Un Lillois a trouvé la mort après un trajet d’un quart d’heure dans un fourgon de police...

Originaire de la cité HLM Winston Churchill dans le Vieux-Lille, Hakim Djelassi, 31 ans, se fait embarquer par les flics à huit heures du matin, jeudi 24 septembre. Il loge à l’hôtel avec sa copine, Hélène, rue de Béthune. Les futurs mariés se disputent, le réceptionniste est rameuté par les voisins. Hakim est agité, l’hôtel appelle la police. Il est embarqué dans un fourgon.
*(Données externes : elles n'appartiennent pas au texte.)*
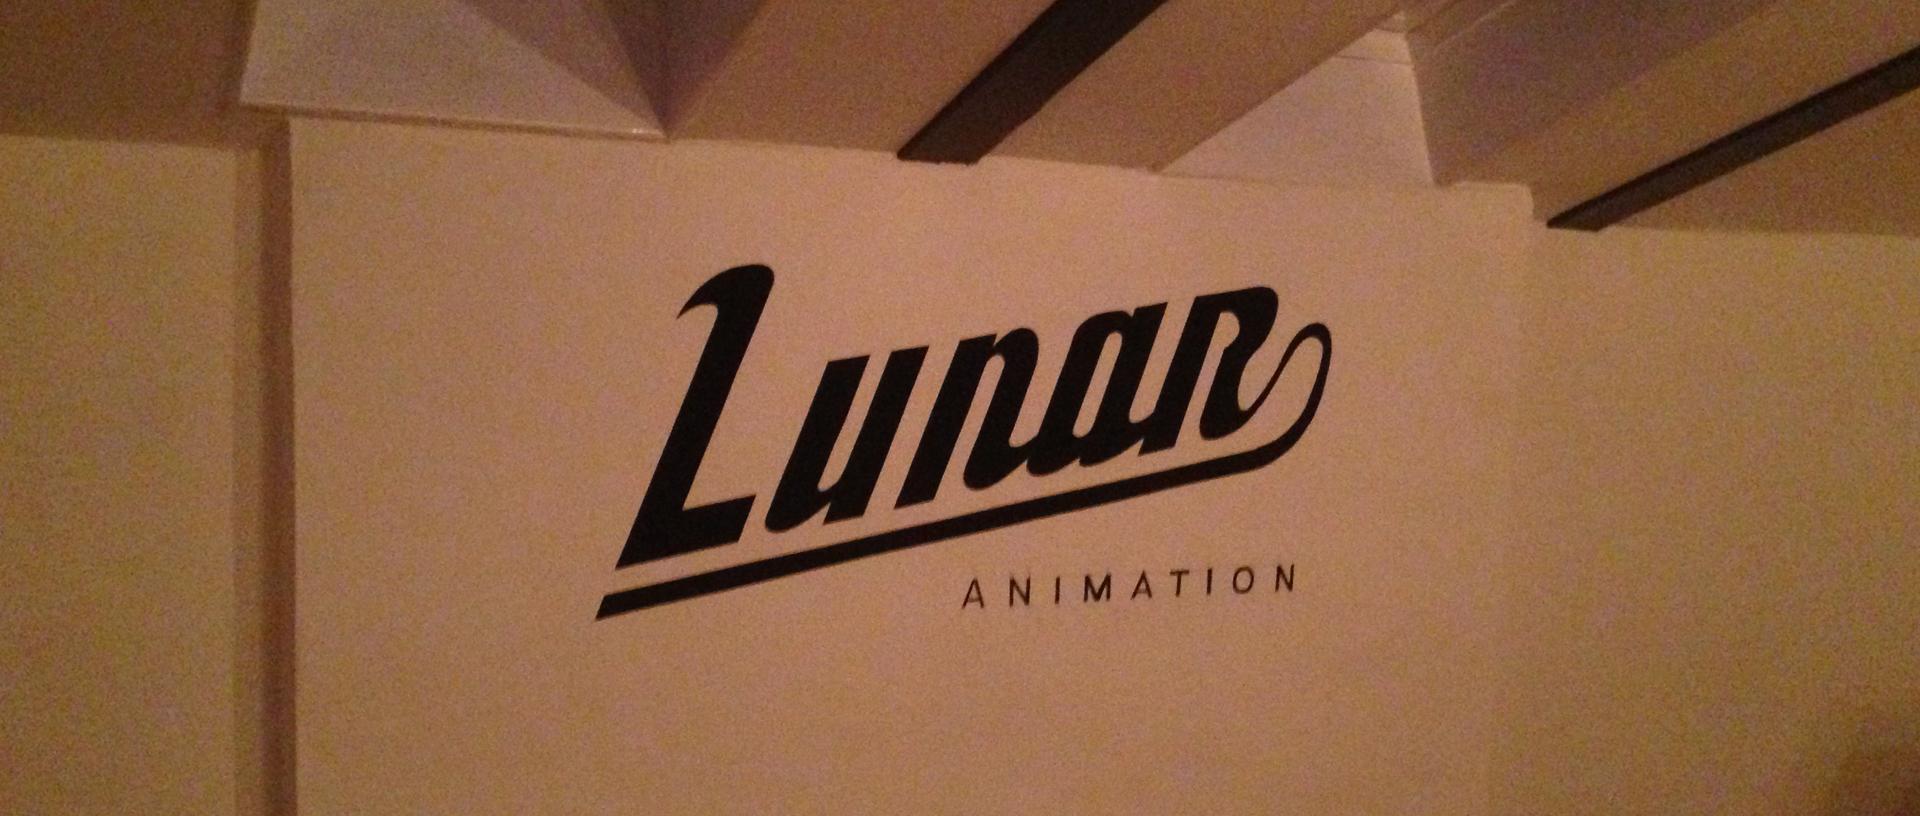 Lunar Animation Revealed

Quinze minutes plus tard, les flics le déposent à l’hôpital St-Vincent : il est en arrêt cardiaque, et meurt deux jours plus tard. Son corps serait couvert de coups.

Que s’est-il passé dans le fourgon ? Que contient le rapport d’autopsie ? Pour l’instant, on n’en sait pas plus. L’avocat de la famille, Me Dupont-Moretti, a porté plainte. Jusqu’ici, le Parquet n’a lancé qu’une information judiciaire sur les circonstances du décès. Pourtant, la mort d’Hakim n’a-t-elle pas tout l’air, selon l’expression consacrée, d’une bonne vieille bavure ? En effet, comment ne pas penser à un sérieux passage à tabac par les « gardiens de la paix » ?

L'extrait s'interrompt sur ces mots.